Tumeh, PC et al. PD-1-blokkade induceert reacties door adaptieve immuunweerstand te remmen. NATUUR 515, 568â € "571 (2014).
Liao, JB et al. Behoud van tumor-gastheer immuuninteracties met luciferase-gelabelde beeldvorming in een muizenmodel van eierstokkanker. J. Immunother. Kanker 3, 16 (2015).
Qie, Y. et al. Oppervlaktemodificatie van nanodeeltjes maakt selectieve ontwijking van fagocytische klaring mogelijk door verschillende fenotypes van macrofagen. Sci. Rep. 6, 26269 (2016).
Mosser, DM & Zhang, X. Activering van muizenmacrofagen.
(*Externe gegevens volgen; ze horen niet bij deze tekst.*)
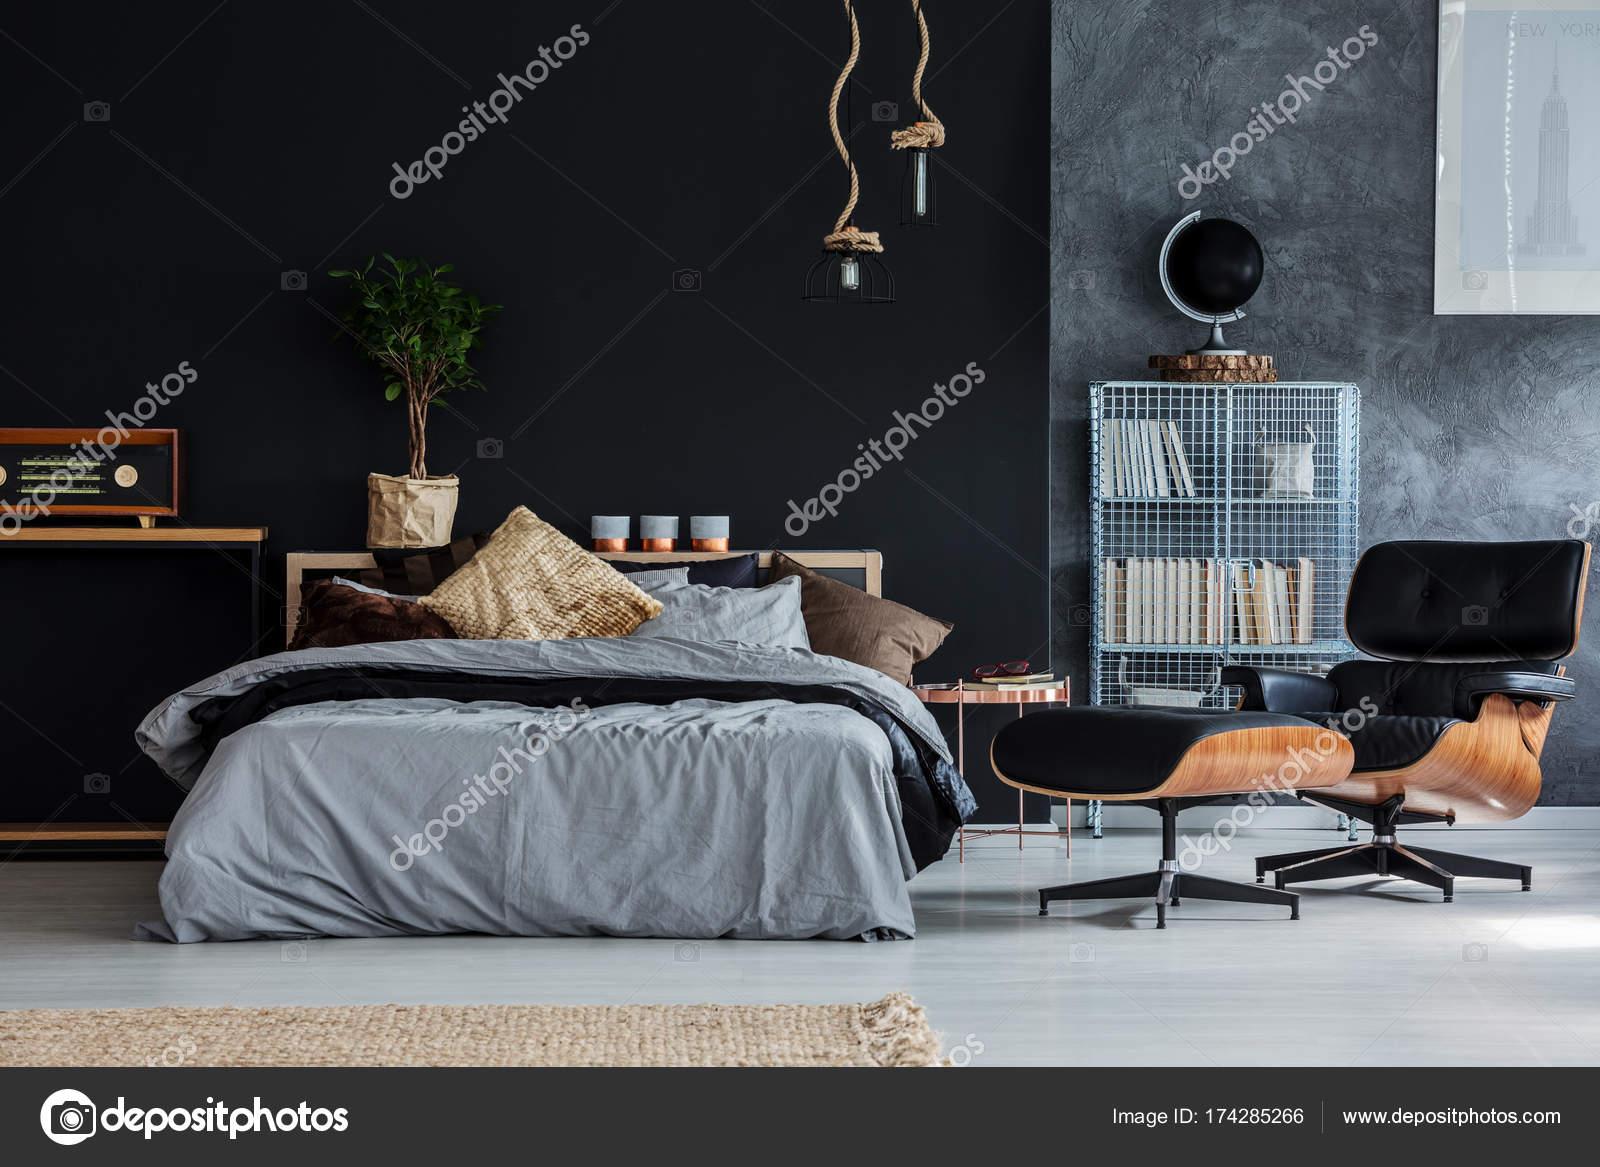 - Guy Bedroom With Chaise Lounge — Stock Photo © Photographee.eu

Curr. protocol Immunol. 83, 14.2.1â € "14.2.8 (2008).
Weiskopf, K. et al. Ontwikkelde SIRPα-varianten als immunotherapeutische adjuvantia voor antilichamen tegen kanker. Wetenschap 341, 88â € "91 (2013).
Schmittgen, TD & Livak, KJ Real-time PCR-gegevens analyseren door de vergelijkende CT methode. Nat. Protoc. 3, 1101â € "1108 (2008).
Evans, BC et al. Ex vivo hemolyse-assay van rode bloedcellen voor de evaluatie van pH-responsieve endosomolytische middelen voor cytosolische afgifte van biomacromoleculaire geneesmiddelen. J. Vis. Uitv. 73, 50166 (2013).